Double clutch it, Bill – True stories from Vern


When the siren went off in the little town where I went to school, just like in any other small metropolis, the volunteer fire putout crew sprang into action. They hustled down to the shed where the truck was gassed up and ready to go. There was the cook from Mable’s, the grocery guy from Yearsley’s and the crew also included whoever might be staying in the attached hotel. There was the drugstore entrepreneur who also made the best ice cream sundae to be found for 30 miles in any direction. The banker and postman would arrive stride and all farm implement sales would be put on hold. That pretty much covered Main Street.
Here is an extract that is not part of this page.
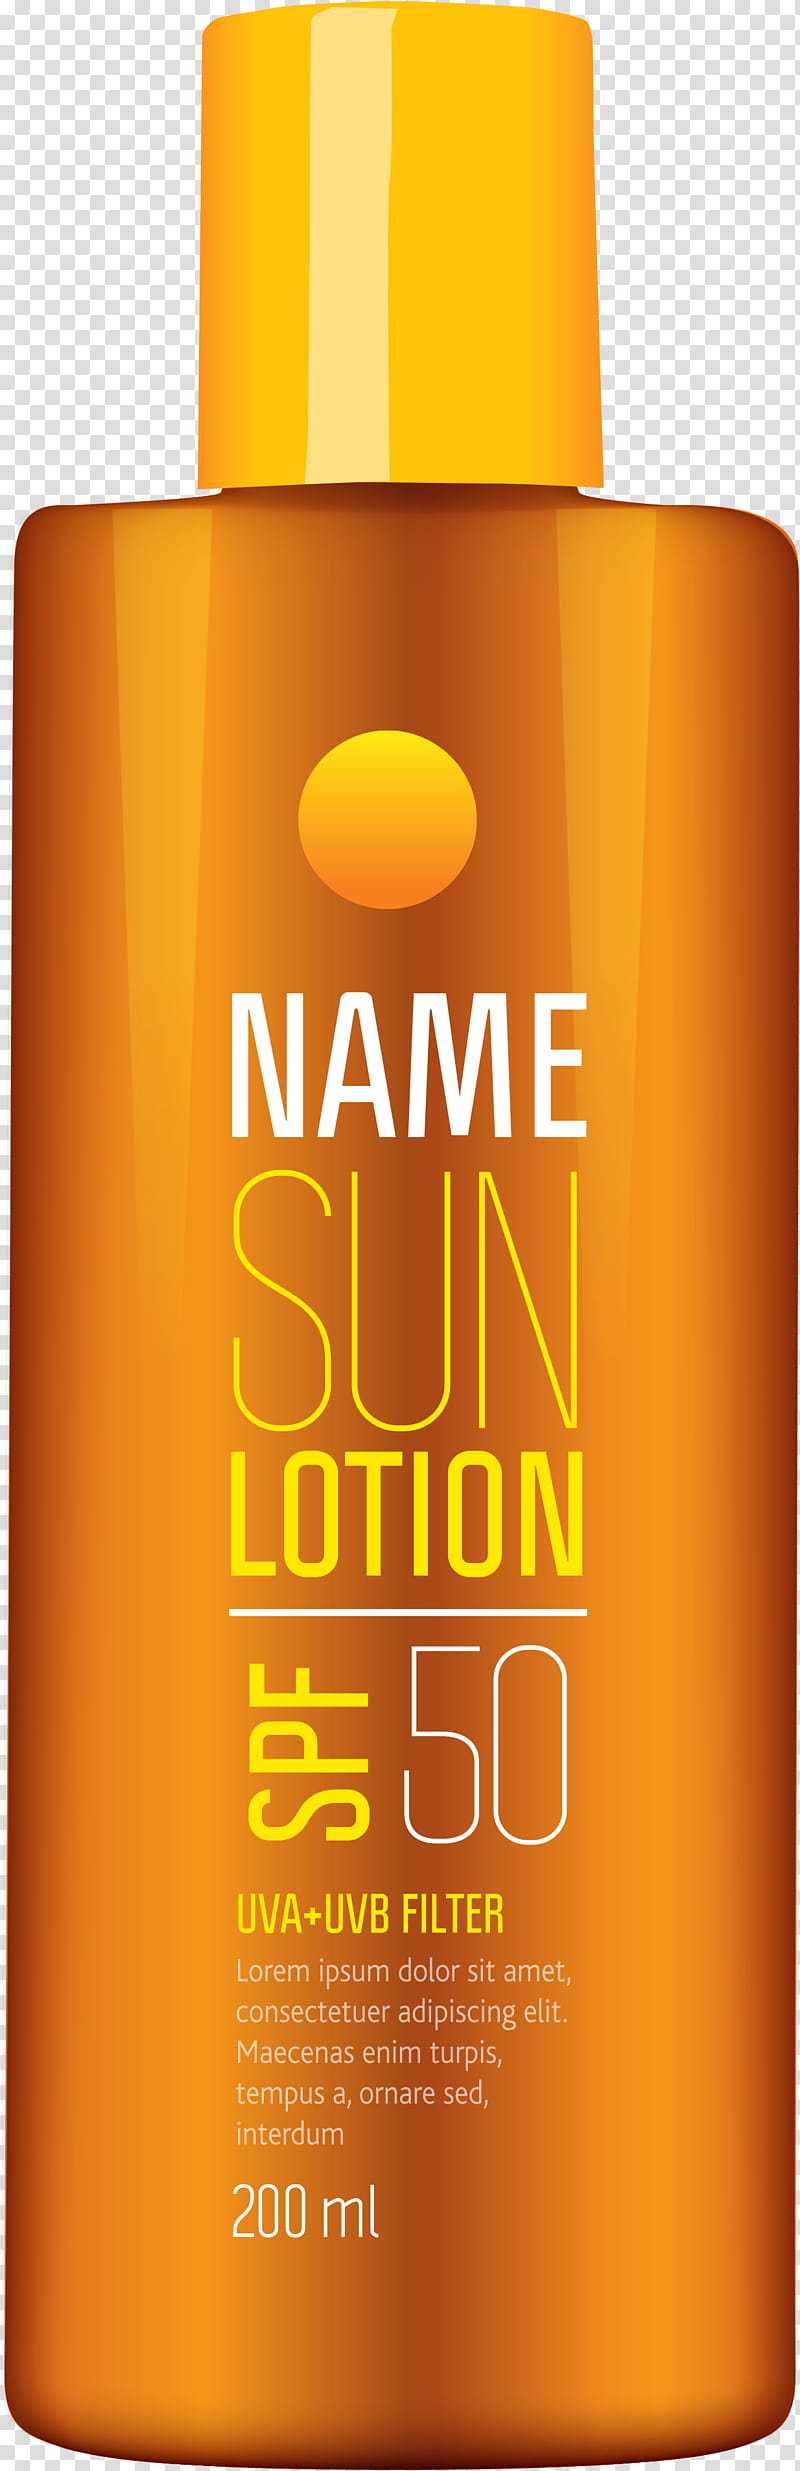 Juice, Sunscreen, Lotion, Liquidm Inc, Liqueur, Drink, Yellow, Bottle transparent background PNG clipart

On down the main highway to the south was the gas station. Fill ‘er up and wash the windows, check all the essential fluids, add air or repair a flat. In all fairness it probably would have been best if he got to the fire shed first. But it seems the chain of command was whoever got there first was the fire chief. The way it worked was one crank on the phone got the operator who then called over to the deputy sheriff’s office with all the pertinent information. Bill happened to be in the office, the truck was right next door so when the crew started showing up he had her warmin’ up. They headed north towards the Marbleton Hill. Knowing from previous drills that with 500 gallons of water sloshing around in the tank, you had to get a run at it.

Now, here is where someone else should be telling this story. I personally would rather bleed than get greasy, but as I understand it, not all trucks of the day had synchronized trannies and so Bill’s attempts to shift up were not going well. The process was to push the clutch in, kick her into neutral, let the clutch out and then, without missing a beat, push the clutch back in and then slide the stick into the next gear up. But you gotta know Bill’s thinkin’ was kind of like shoein’ a horse – if you rasp it long enough, pretty soon it will fit. Tony had run out of the blacksmith shop and jumped on the truck as it was going by and apparently he did not have to run very fast. After a couple more failed attempts, Tony declared, “For Christ’s sake Bill! Double-clutch it!” And without a moment of consideration pause, Bill came right back with, “Bulls**** Tony, that other one is the brake!”